Sunday, 22 September 2013

Pick up and first trip - Day 2

Monty the motorhome is sitting at Slapton Sands Camping & Caravanning Site looking out to sea - well he has to peer over a caravan and hedge, but the English Channel is well in sight.

Our first night passed without mishap and we have only had to phone Murvi HQ twice. First time to find out how the front seats swivelled and then to report a faulty air conditioning switch - it just stays on permanently. Initially we were directed to the Fiat dealer in Plymouth, but then after some consideration we were asked to return to HQ. So back we went and after a guy with a screwdriver did something it was all fixed.

Then back to the Devon roads. Boy are the main roads narrow in places. Monty got quite a tickling from the hedgerows, but nothing serious. Arrived at the site to find it quite full, which was a surprise as it is well out of holiday season now. However it is a Friday, with good weather forecast for the weekend.

Our site is under some trees, and even with the levelling ramps we are sloping slightly. However we are very close to the washblock, so Ruth is happy.

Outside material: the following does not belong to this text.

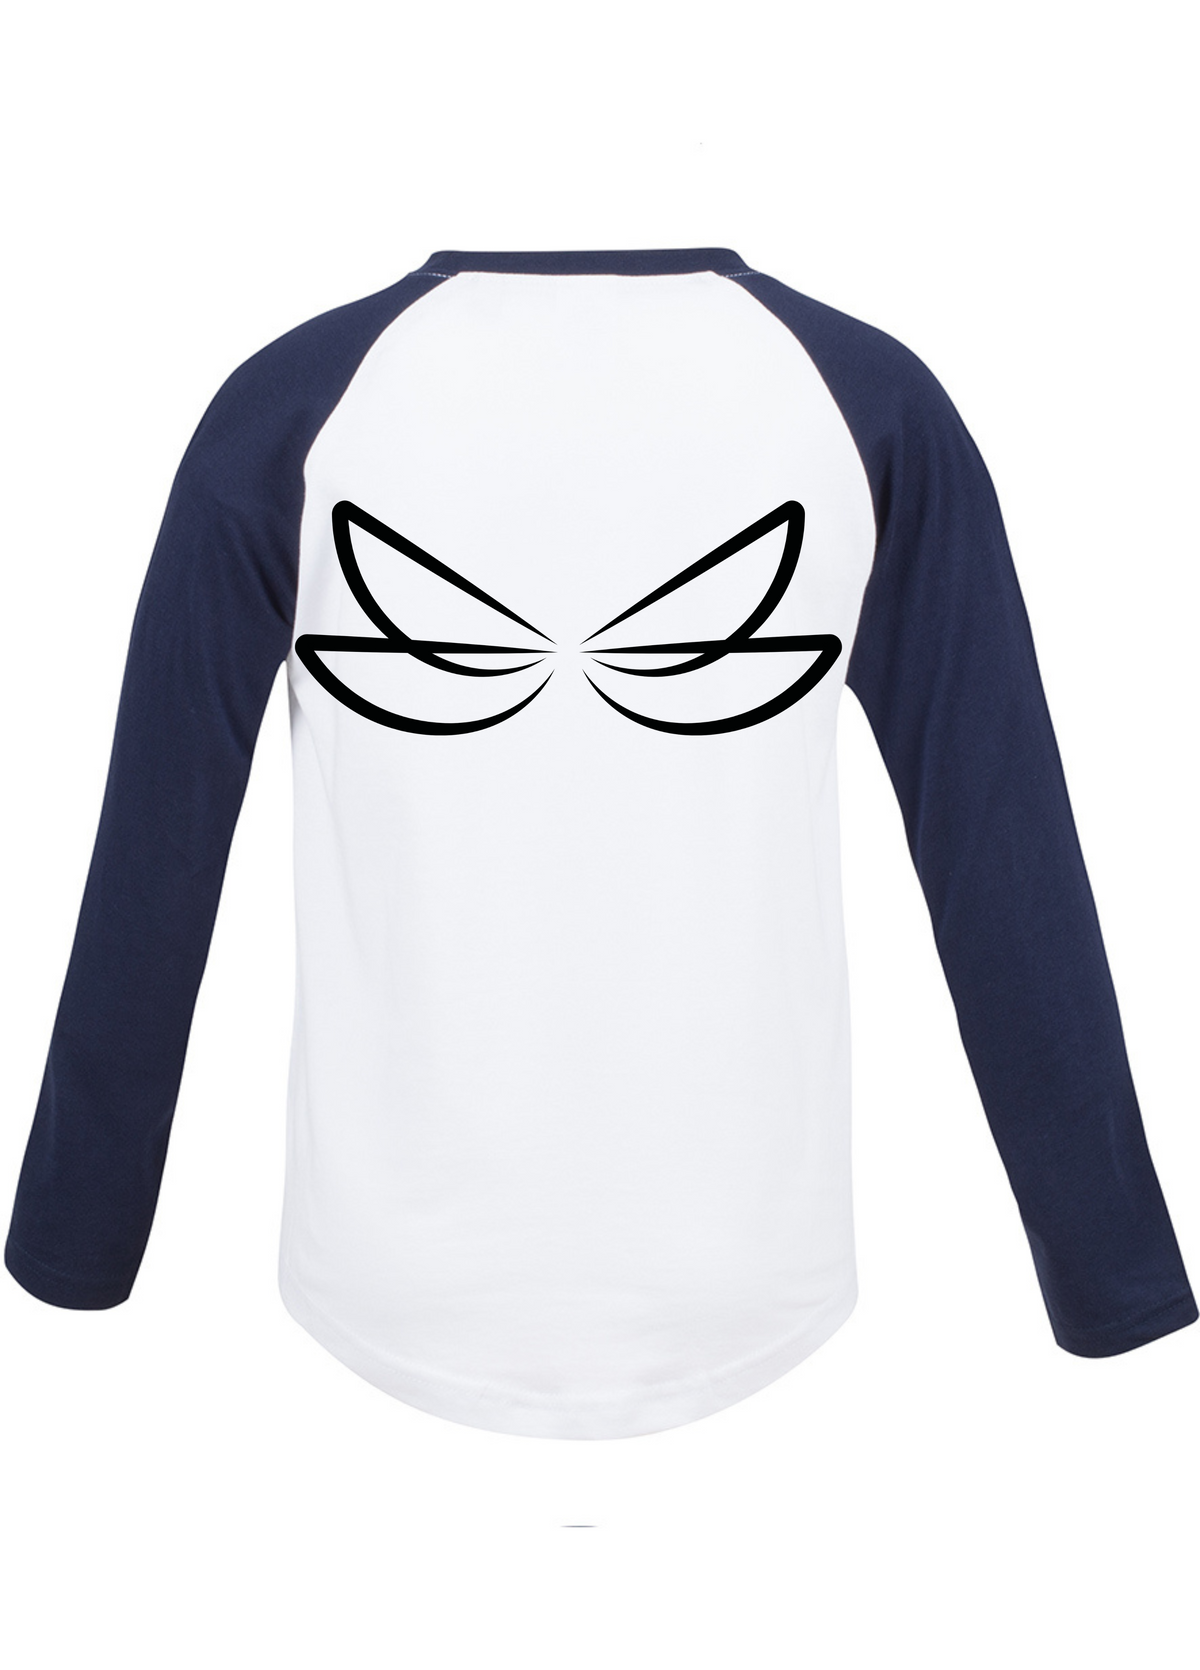 Baseball Long Sleeve T-shirt Blue and white - Dragonfly Leotards - Children's Sportswear
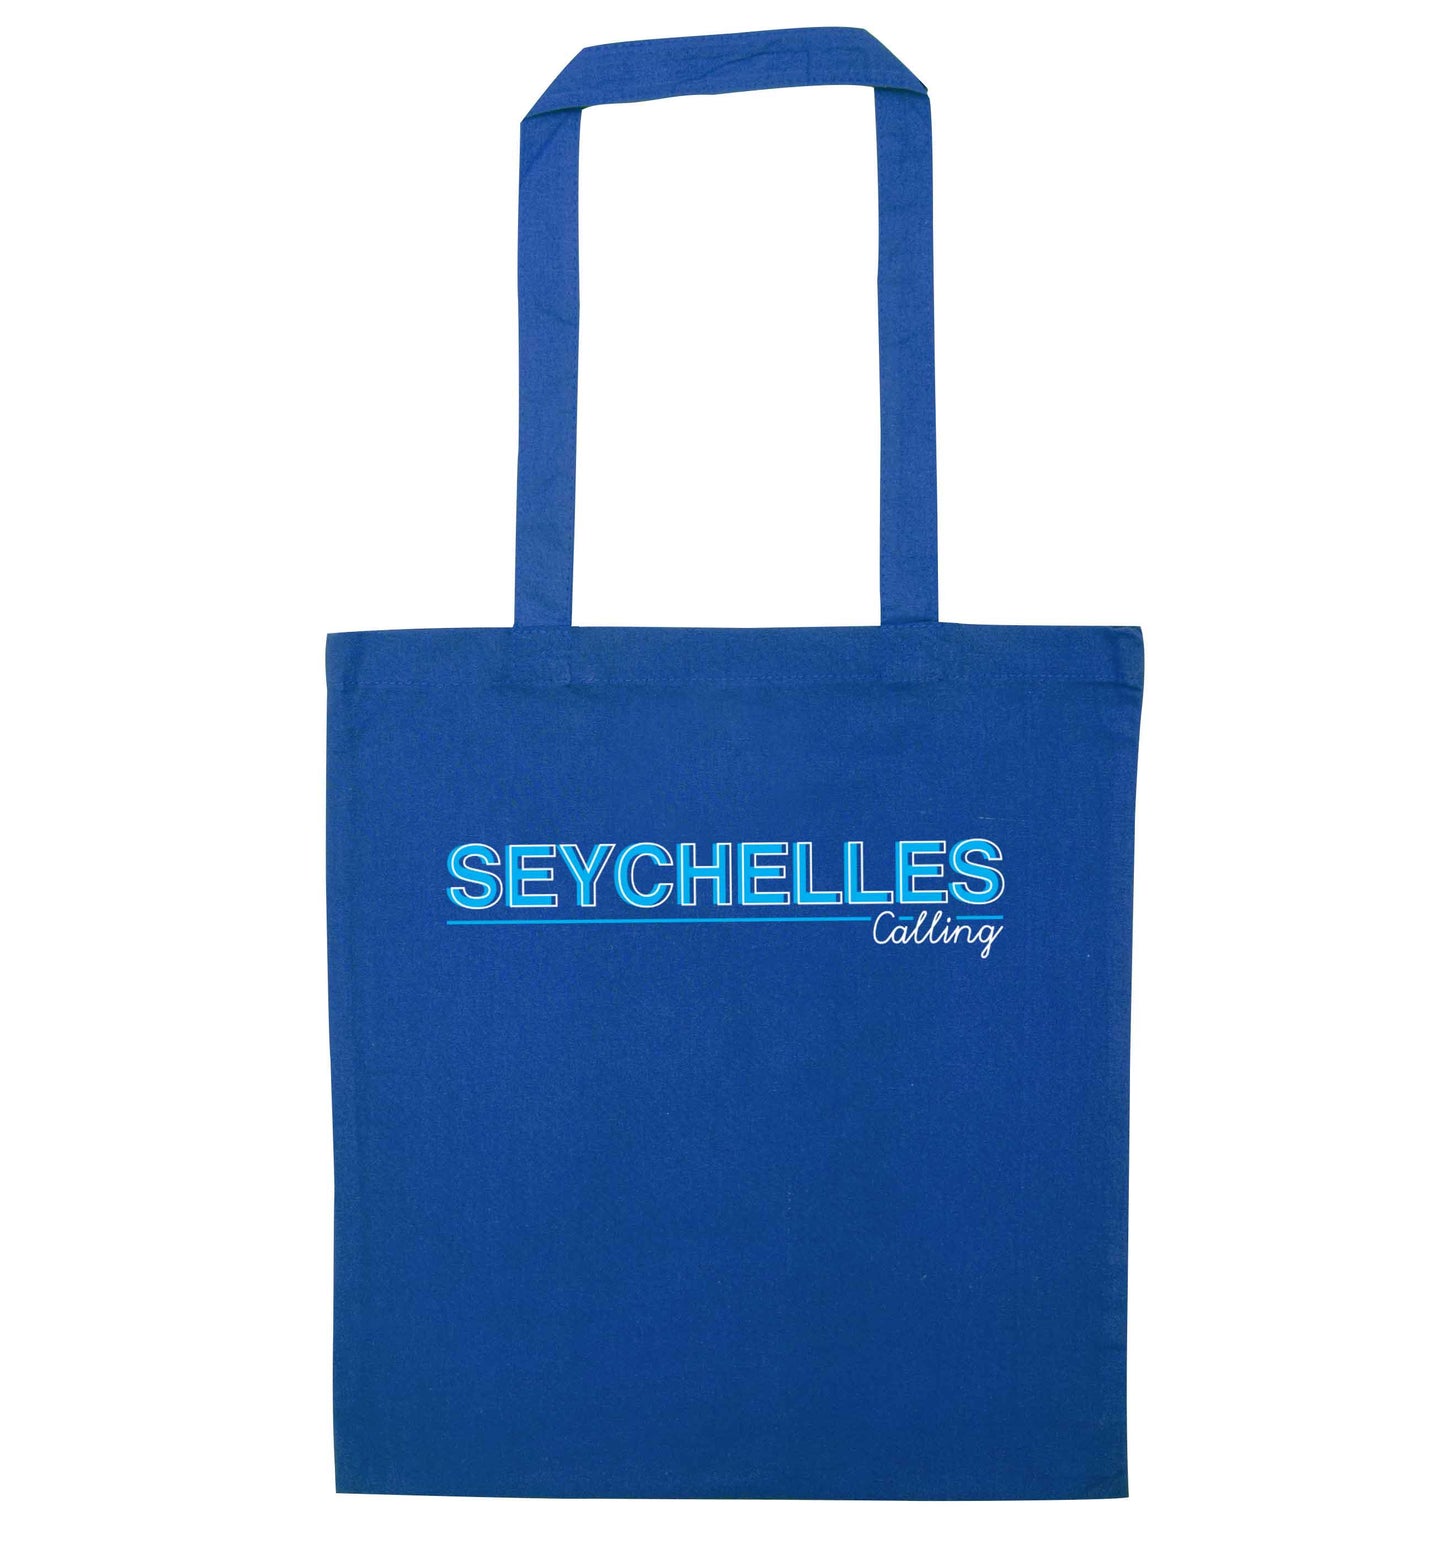 Seychelles calling blue tote bag

After a quick cup of tea we wandered off to the village of Slapton. Picture postcard beautiful, with narrow lanes, whitewashed thatched cottages, gardens full of colour, a C13th church and a C14th chantry tower. 
The village sits a quarter of a mile from the beach, which is the famous Slapton Sands, though for sands read shingle. This is one of those beaches where longshore drift has raised a bar of shingle that cuts off a lake behind it (the Ley). It is the largest freshwater ley in southern England and an important migratory stop for birds, with a ringing station by the marshes. A quick bit of history - the beach was used to train for amphibious landings in preparation for the Normandy landings in the Second World War - all the surrounding villages were cleared of their residents and the area filled with American military. There is a monument to it all on the beach, but sadly it doesn’t mention the loss of lives that those troops endured during this training.

We rounded the day off with a meal at The Queens Arms in Slapton. Fish lasagne for Ruth and breaded fish for me, followed by rich ginger pudding and clotted cream for both of us. Plenty of calories, which hit the mark for me at least, nice tasting, but unremarkable, so no photos. The pub also served some real ales and I tried a local brew - Otter Ale. The bitter was good, but the Otter bright was even better.